Treme!!! One of my all-time favorite shows.


----------



## duggles (Aug 25, 2014)

Oh yeah, and Lyft sucks. I knew that from before I even signed up for them. Signed up as an Uber-backup. Did two rides. Never again.


----------



## chi1cabby (May 28, 2014)

UberRey said:


> Lyft should be called Ghetto Cabs. The cars are older (except for those who do Uber too) the drivers are bitter, and the riders are ghetto fabulous.
> 
> Lyft rider: "Why take a bus, when we can shit in this guys motherf*cking car! Ha! Then we'll give him a poor rating because we trashy folks have the power now!"
> 
> ...


So what's up with many Lyft Drivers? They are all gung ho with their themed cars, fist bumps and Lyft Love!


----------



## Optimus Uber (Oct 7, 2014)

UberRey said:


> Lyft should be called Ghetto Cabs. The cars are older (except for those who do Uber too) the drivers are bitter, and the riders are ghetto fabulous.
> 
> Lyft rider: "Why take a bus, when we can shit in this guys motherf*cking car! Ha! Then we'll give him a poor rating because we trashy folks have the power now!"
> 
> ...


that's what uber did, they put the cars into plus they can get better revenue and left the remnants in X to deal with lyft vehicles low prices. all lyft is going is holding uber back. Uber has already won. They have nicer cars than lyft, even uber X cars are better than lyfts cars, but they needed something to keep lyft Dow while they used their other resources to bring in higher revenue, isn't it about the bug?


----------



## Lyft4uDC (Jul 28, 2014)

I use lyft only to supplement my uber 20% cut that they charge. that's it. I rarely do lyfts now. the people that many of you ***** about on this forum who you drive as an uber driver, I tend to find them as a lyft driver. my 4.91 uber ratings vs my 4.71 on lyft. **** them.


----------



## GordonShumway (Sep 1, 2014)

I dont know where you uber people drive at, but lyft sure has some nice customers. For some odd reason some uber passengers have a chip on their shoulder and expect you to open the doors to your dam car like its a fckin stretch limo ,even though it might only be a prius.

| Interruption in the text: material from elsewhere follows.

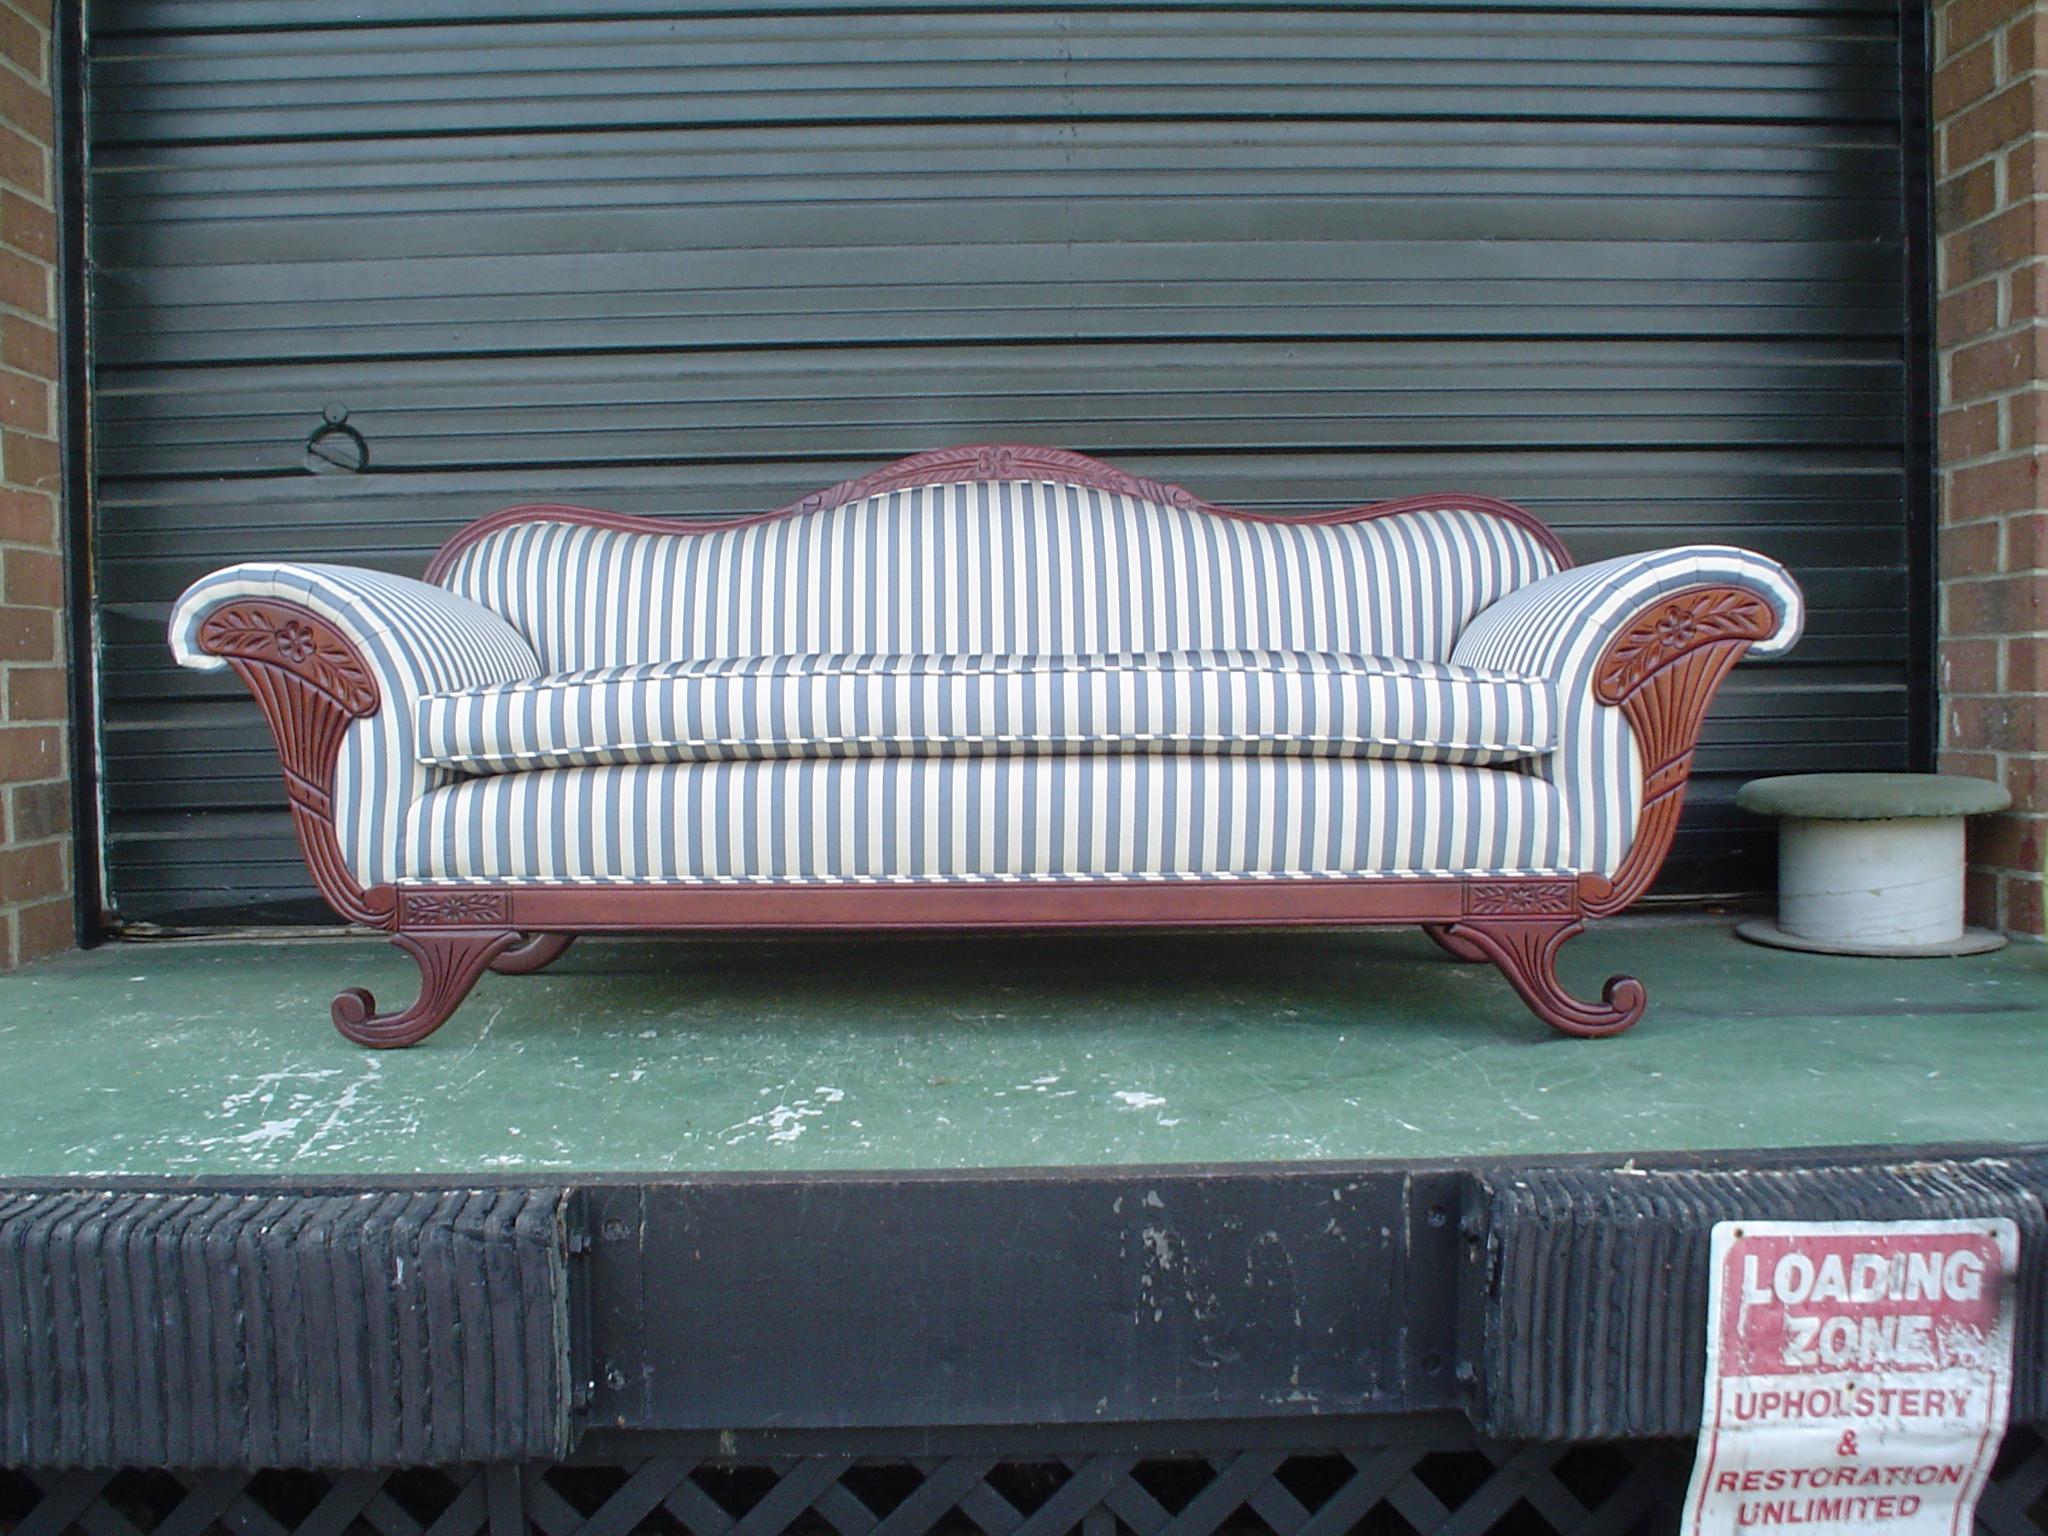 Upholstery Restoration & Select Fabrics - ad image

In the area I am at,I make about the same with lyft as i did with uber with the new lower uber rates. The customers tip as well. Not all,but some. Whats nice as well, I dont get lyft customers asking me for fckn water or commenting that their other drivers had snacks like some uber customers. And still with a 4.89 rating! True,some passengers may ask to drive far to pick them up,but at least they are grateful and say "thanks for coming this far to get us".

Uber customers rarely tip.


----------